Court: Mass. can deny jailed felons right to vote - BostonHerald.com


----------



## Varanus224 (Jun 13, 2006)

Correct me if I'm wrong but, havent other states done this for years? Im sure just like Florida South Bay, Shirley Max and Concord are Democratic Hotbeds


----------



## DEI8 (Jan 20, 2006)

Every Felon locked up is one less vote for Obama.


----------



## Boston Irish Lass (Feb 13, 2009)

I thought the whole idea of going to jail was that you had already forfeited all rights as a citizen? Please tell me they don't allow mail in votes from prisoners?


----------



## DEI8 (Jan 20, 2006)

Only thing going for us is that there are three more years till 2012, plenty of time to lock em up two or three more times.


----------



## CJIS (Mar 12, 2005)

Sweet


----------



## Boston Irish Lass (Feb 13, 2009)

kwflatbed said:


> In 2001, several jailed felons challenged the law, arguing it violated the federal Voting Rights Act because the percentage of imprisoned felons who are black or Hispanic is higher than the percentage in the state as a whole.


But if I was to say that I'd be racist?


----------



## Harley387 (May 1, 2002)

Boston Irish Lass said:


> But if I was to say that I'd be racist?


Correct.


----------



## KozmoKramer (Apr 25, 2004)

> Boston - A federal court has ruled that Massachusetts has the right and the obligation to prevent incarcerated felons and illegal aliens from voting.


Fixed it.


----------



## DEI8 (Jan 20, 2006)

They don't need the right to vote. You don't get felony convictions for J-walking, and if your not a citizen why should you be voting for the leaders of your community??? NEGATIVE


----------



## KozmoKramer (Apr 25, 2004)

DEI8 said:


> ...and if your not a citizen why should you be voting for the leaders of your community??? NEGATIVE


That's a question you need to ask Ms. Pam Richardson, State Representative of Framingham.
And I doubt shes the only one harboring that ideal.

She's backed off a bit, but it's certainly her belief. (As Kafkaesque as it is.)

_Rep. Pam Richardson of Framingham wants the Massachusetts Democratic Party to advocate voting rights for illegal aliens.
__Richardson told fellow Democrats._
_"We have a large population of people living here who don't have the same rights and opportunities of the rest of us.
I'm talking about undocumented immigrants. 
Most unfair, is their exclusion from our democratic process.
They don't feel that they have anyone to represent them in government.
It's because they're not part of the democracy."_


----------



## Crvtte65 (May 19, 2002)

Varanus224 said:


> Correct me if I'm wrong but, havent other states done this for years? Im sure just like Florida South Bay, Shirley Max and Concord are Democratic Hotbeds


Yes, I think about all the states have laws about disfranchisement laws due to criminal conviction and they have been around for a while.
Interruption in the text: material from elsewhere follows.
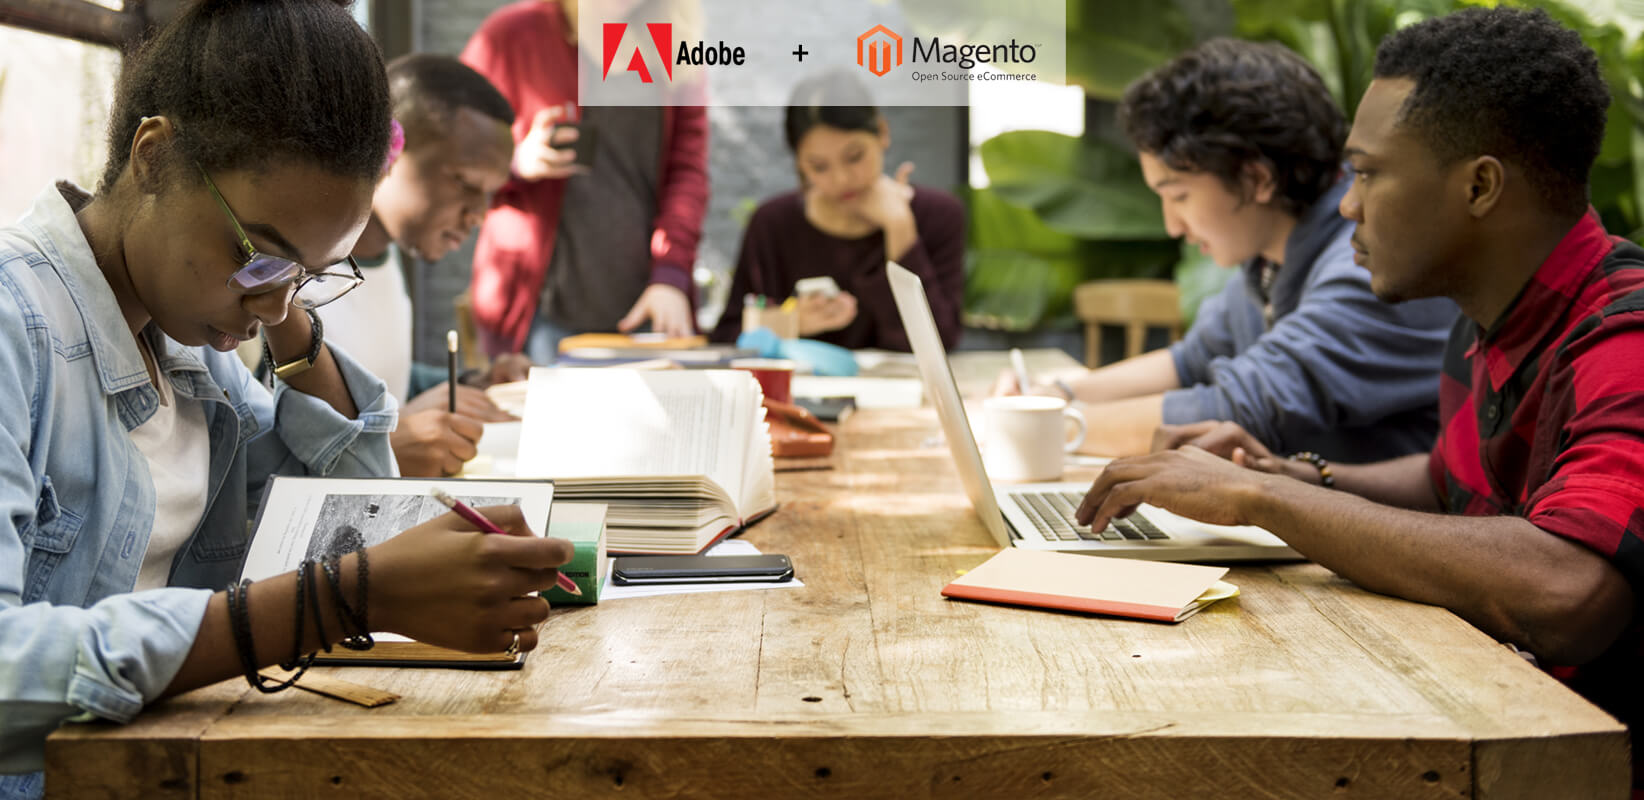 Adobe Acquires Magento – Are You in Denial?

Found a map here that is color coded as to the states laws:

American Civil Liberties Union : State Legislative and Policy Reform to Advance the Voting Rights of Formerly Incarcerated Persons


----------



## 263FPD (Oct 29, 2004)

How the hell is Patrick going to get his extra votes now? For that matter, how will the almighty Obama get those votes in 2012?


----------



## 94c (Oct 21, 2005)

kwflatbed said:


> *By Associated Press
> *
> In 2001, several jailed felons challenged the law, arguing it violated the federal Voting Rights Act because the percentage of imprisoned felons who are black or Hispanic is higher than the percentage in the state as a whole.


All criticisms aside, the jailed felons do have a point.


----------



## MetrowestPD (Oct 21, 2008)

KozmoKramer said:


> That's a question you need to ask Ms. Pam Richardson, State Representative of Framingham.
> And I doubt shes the only one harboring that ideal.
> 
> She's backed off a bit, but it's certainly her belief. (As Kafkaesque as it is.)
> ...


That is the dumbest statement: I visit NH all the time why can't I vote there, Answer because it is not my legal residence.
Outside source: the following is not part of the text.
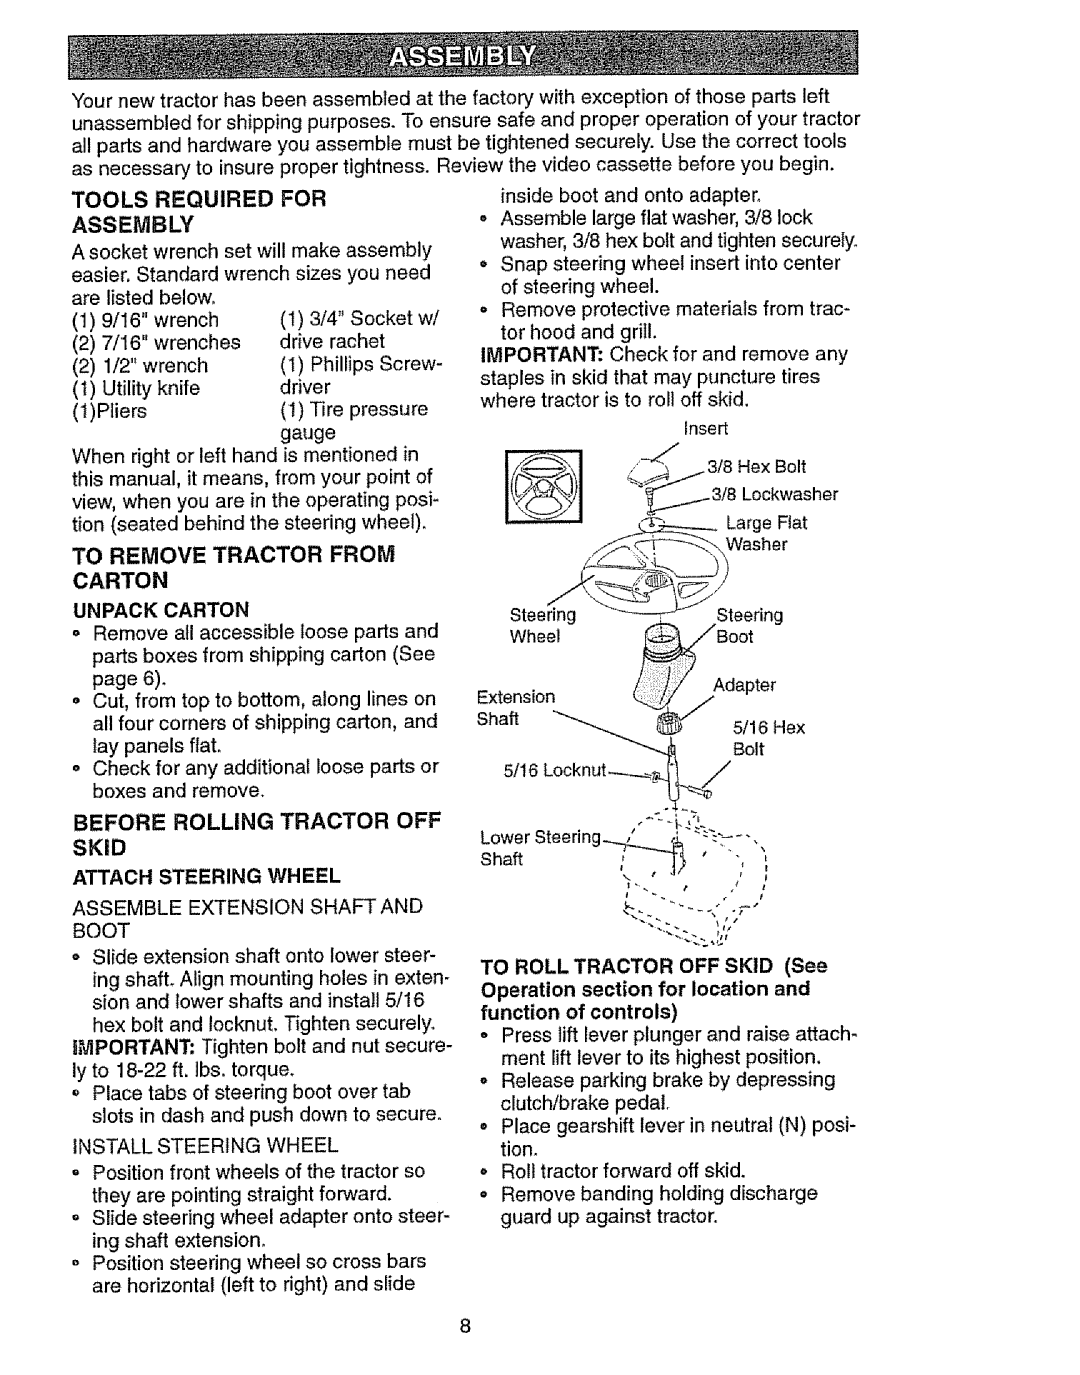 Craftsman 917.27103 owner manual Tools Required For Assembly, Before Rolling Tractor Off Skid, Attach Steering Wheel

They don't have anyone representing them in govt because they are criminals.


----------



## Guest (Aug 4, 2009)

Ms. Pam Richardson, State Representative of Framingham, will of course get re-elected. The majority of the voters are just sheep that do what the Globe tells them to do.


----------



## Garda79 (Jun 19, 2009)

knowing caddy deval he will just start handing out pardons like candy. Right next to the pardon form will make the make check or money order payble to the the relect caddy deval committee.


----------



## 263FPD (Oct 29, 2004)

Garda79 said:


> knowing caddy deval he will just start handing out pardons like candy. _*Right next to the pardon form will make the make check or money order payble to the the relect caddy deval committee.*_




You mean _*"Please include instructions for accessing your canteen account, and preauthorize the withdrawal of funds"*_


----------



## Garda79 (Jun 19, 2009)

this state under caddy deval keeps slipping farther and farther into debt and ruin. With his sales tax hike I am sure the businesses near new hampshire are gonna feel the squeeze even more. This state just does not get it.


----------



## Loyal (Oct 21, 2007)

I worked as a DOC Sgt at the Sexually Dangerous facility in Bridgewater in the 1980's. The rapists collected SSI money and could vote. They would form a political action committee and strongly urge other skinners to donate some of the Supplemental Security Income money (Your tax dollars)that they never should have received, to Democ-rat candidates and to vote for Democ-rats by absentee ballot...Gov Weld put an end to that nonsense...I've been a Republican ever since. liberals, criminals...little difference


----------



## Garda79 (Jun 19, 2009)

Loyal,

You were a CO during the ducrappas tenure as governor you have my condolences. Sadly I think the caddy d is even worse then ducrappas could ever be. I hope this guy gets elected out in 2010.


----------



## Duff112 (Apr 14, 2006)

Crvtte65 said:


> Yes, I think about all the states have laws about disfranchisement laws due to criminal conviction and they have been around for a while.
> 
> Found a map here that is color coded as to the states laws:
> 
> American Civil Liberties Union : State Legislative and Policy Reform to Advance the Voting Rights of Formerly Incarcerated Persons


Did you disinfect your computer screen and keyboard after going on that website??


----------



## Crvtte65 (May 19, 2002)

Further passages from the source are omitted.